> What is being asked:
The whole listing is to be restated word for word with no images.

> Raw data:
┌──
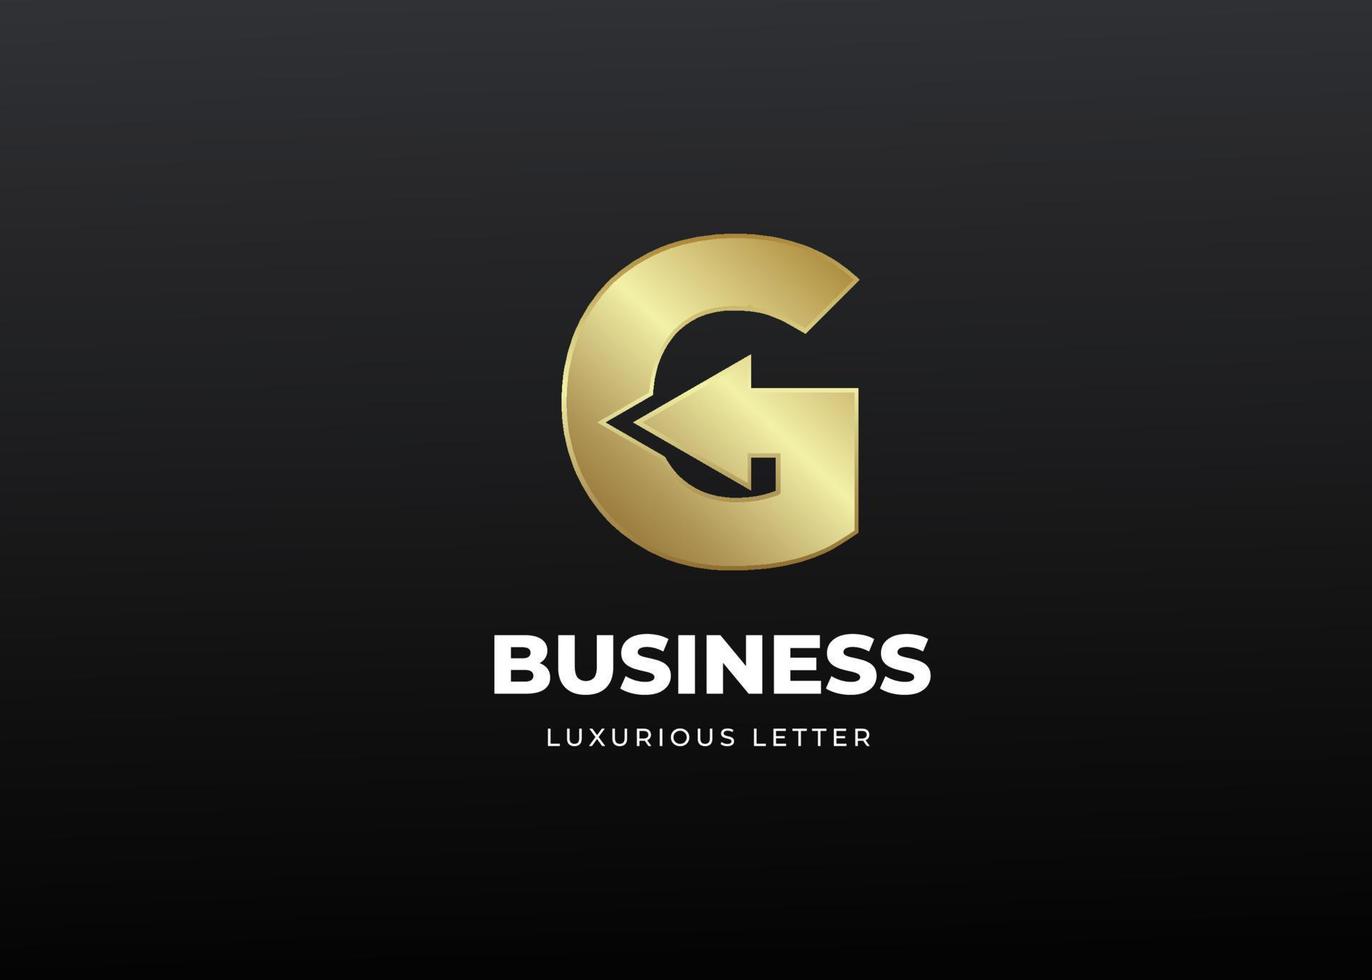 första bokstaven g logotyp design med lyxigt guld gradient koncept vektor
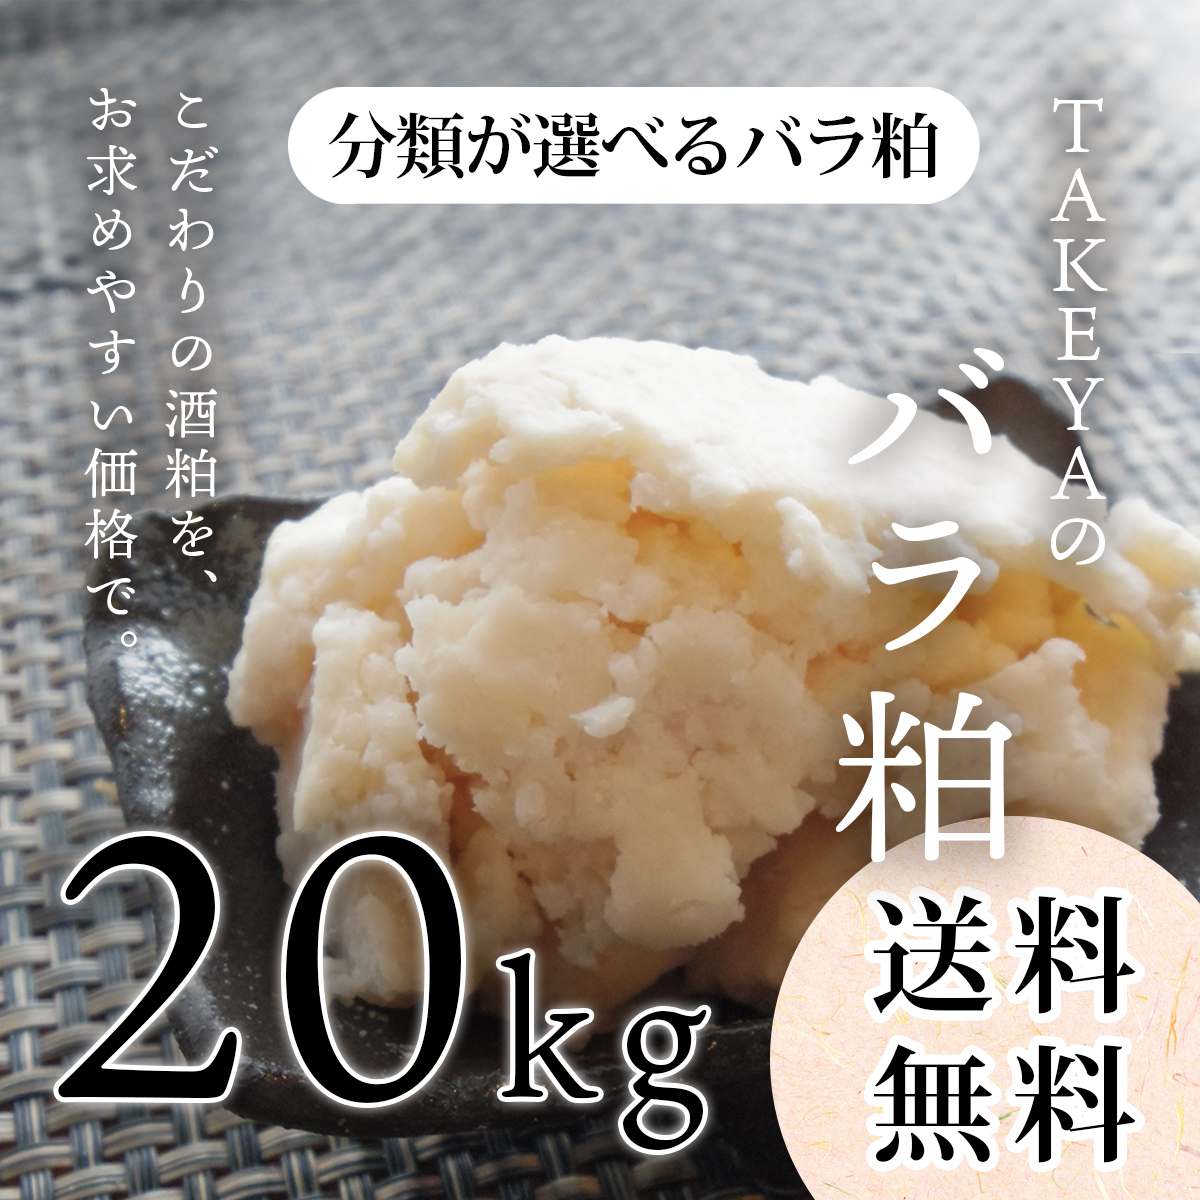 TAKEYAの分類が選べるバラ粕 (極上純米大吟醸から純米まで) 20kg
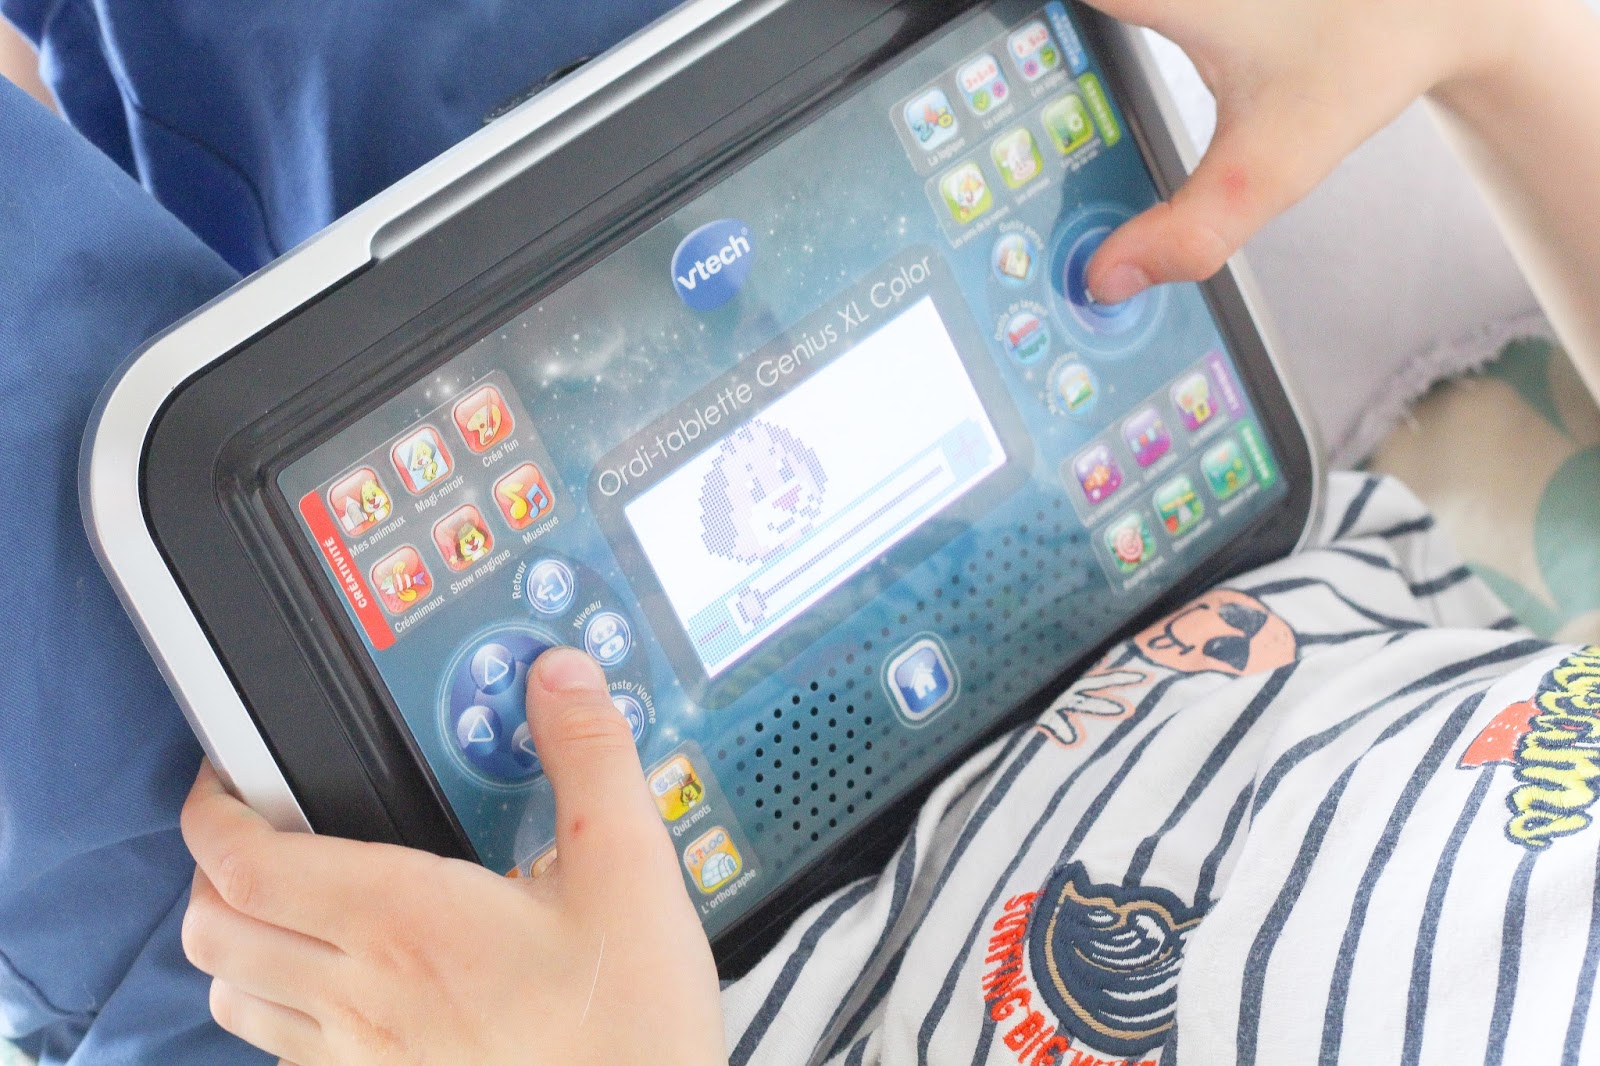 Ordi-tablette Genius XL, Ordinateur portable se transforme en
└──
> Written response:
 första bokstaven g logotyp design med lyxigt guld gradient koncept vektor
 TAKEYAの分類が選べるバラ粕 (極上純米大吟醸から純米まで) 20kg
 Ordi-tablette Genius XL, Ordinateur portable se transforme en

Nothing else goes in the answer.